### PROBLEM TO SOLVE
In the material below, begin at the line that has "Scarlet Darter Dragonfly, Crocothemis", stop after the line that has "Shooting Star |", and transcribe those lines exactly, without pictures.

### SOURCE MATERIAL

::::::

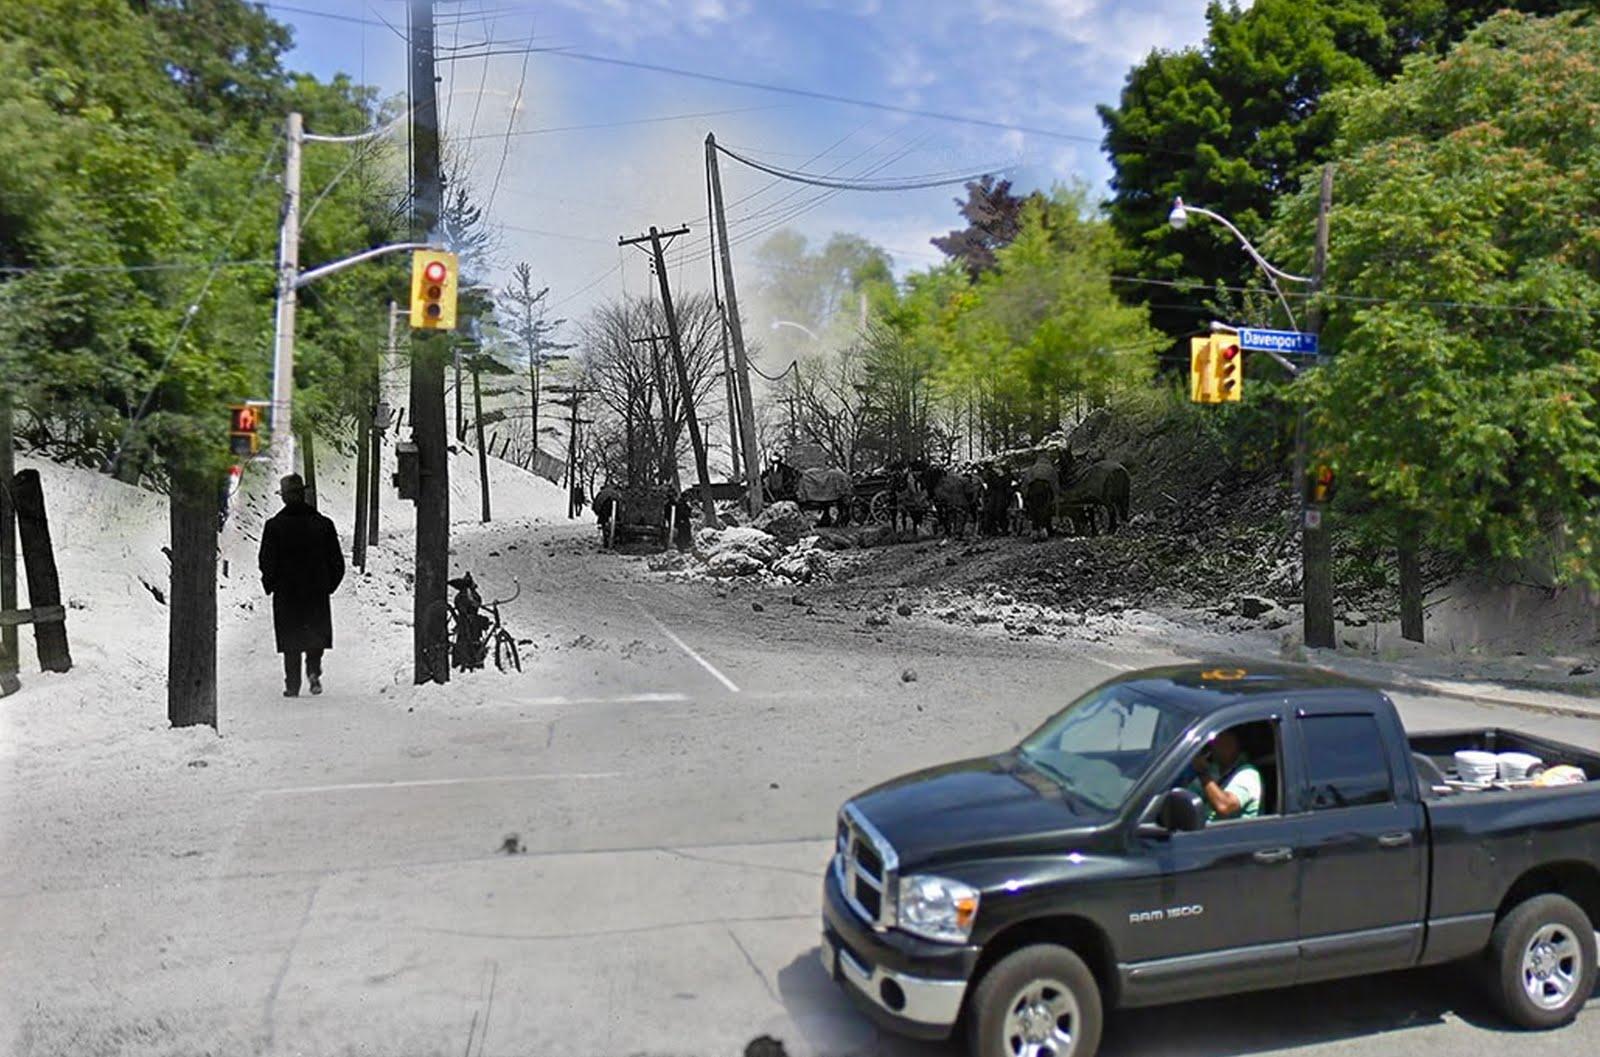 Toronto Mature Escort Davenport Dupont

::::::

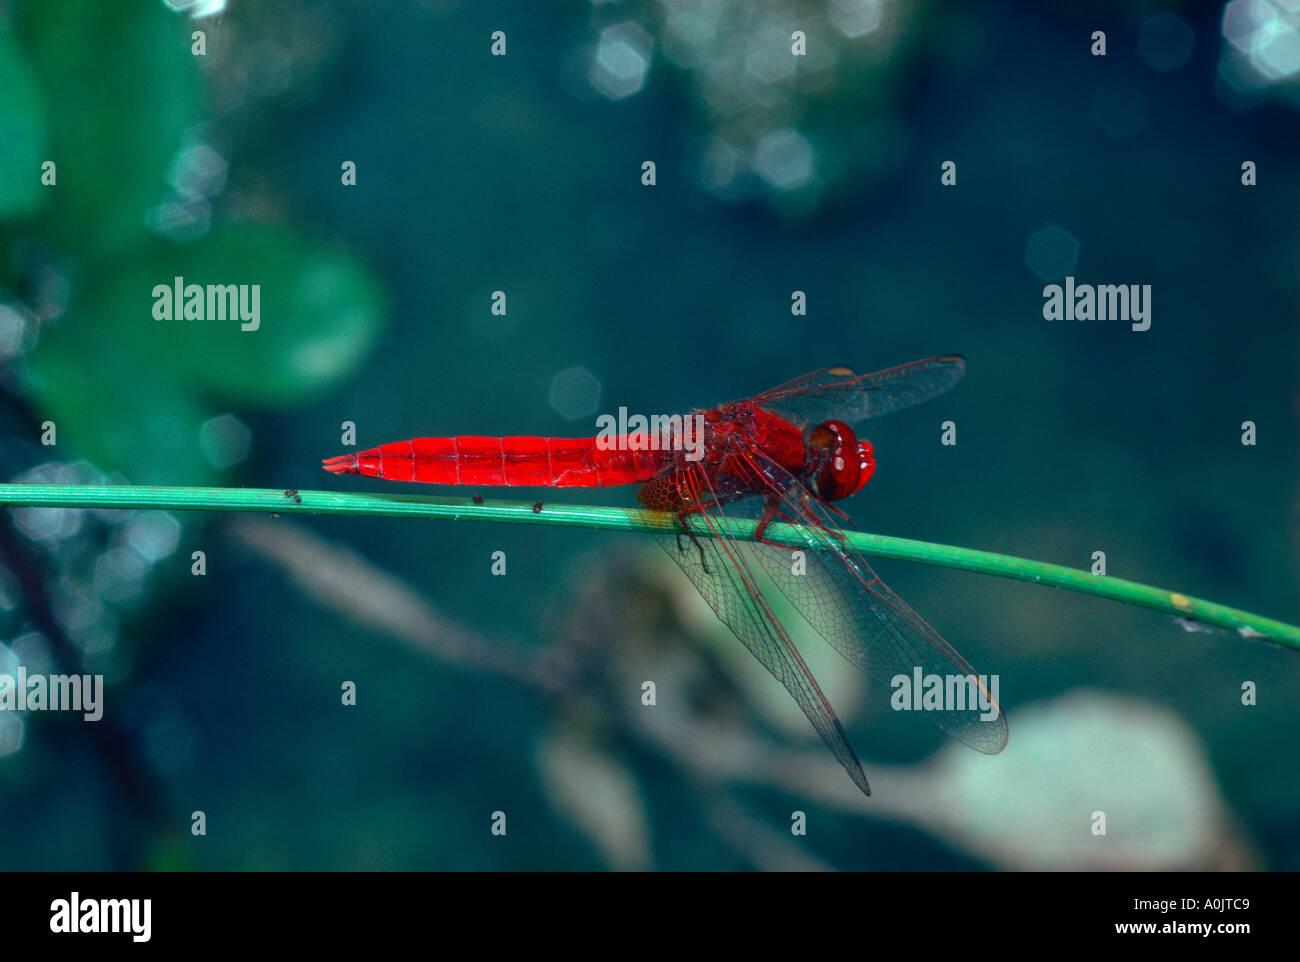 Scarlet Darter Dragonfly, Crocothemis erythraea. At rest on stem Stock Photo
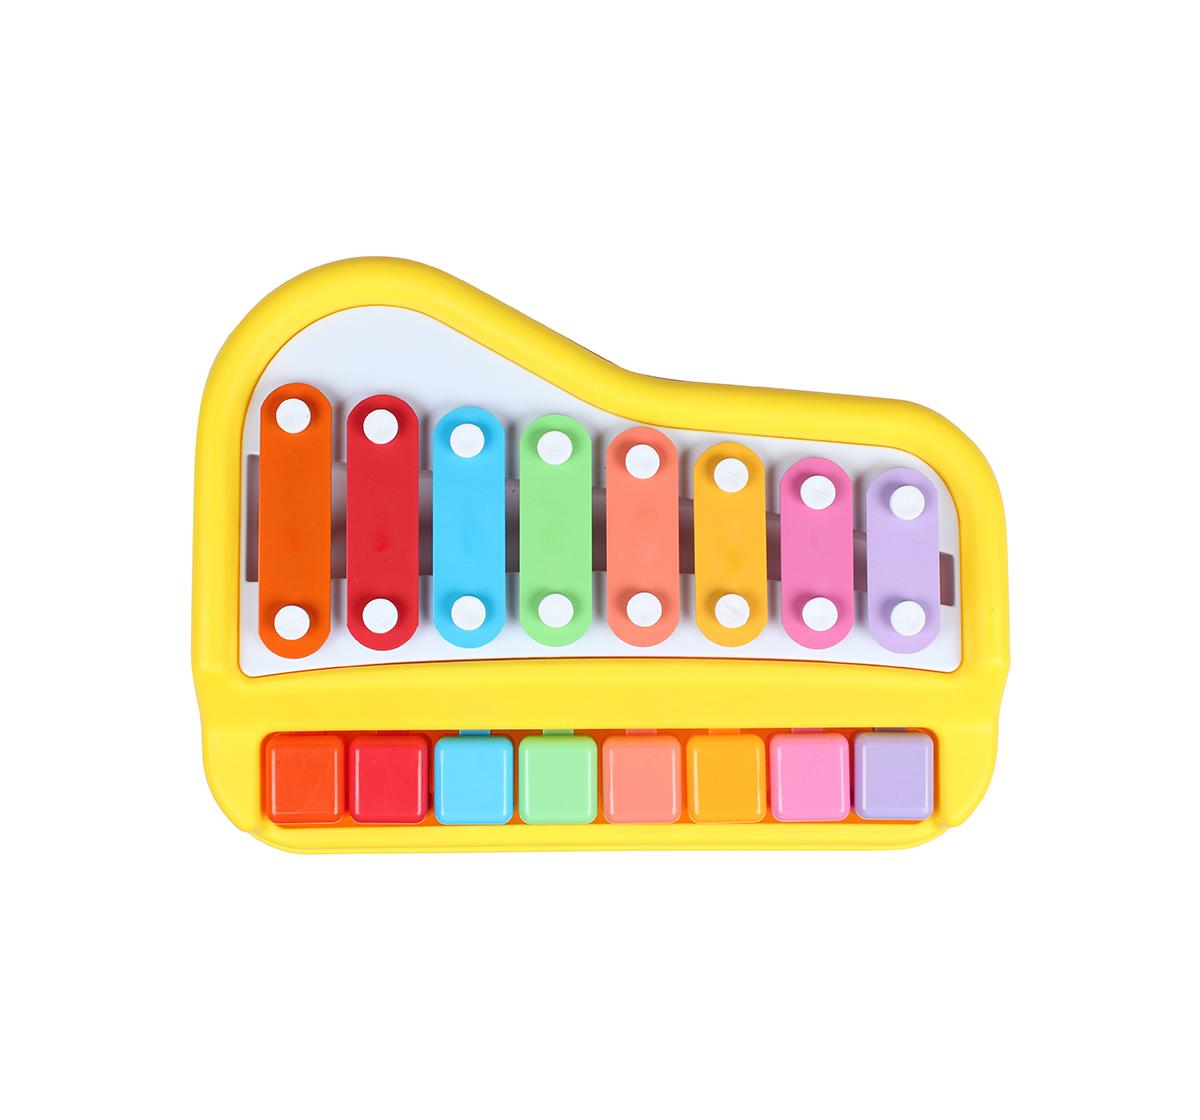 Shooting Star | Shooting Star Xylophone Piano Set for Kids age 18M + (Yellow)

::::::

### EXPECTED OUTPUT
 Scarlet Darter Dragonfly, Crocothemis erythraea. At rest on stem Stock Photo
 Shooting Star | Shooting Star Xylophone Piano Set for Kids age 18M + (Yellow)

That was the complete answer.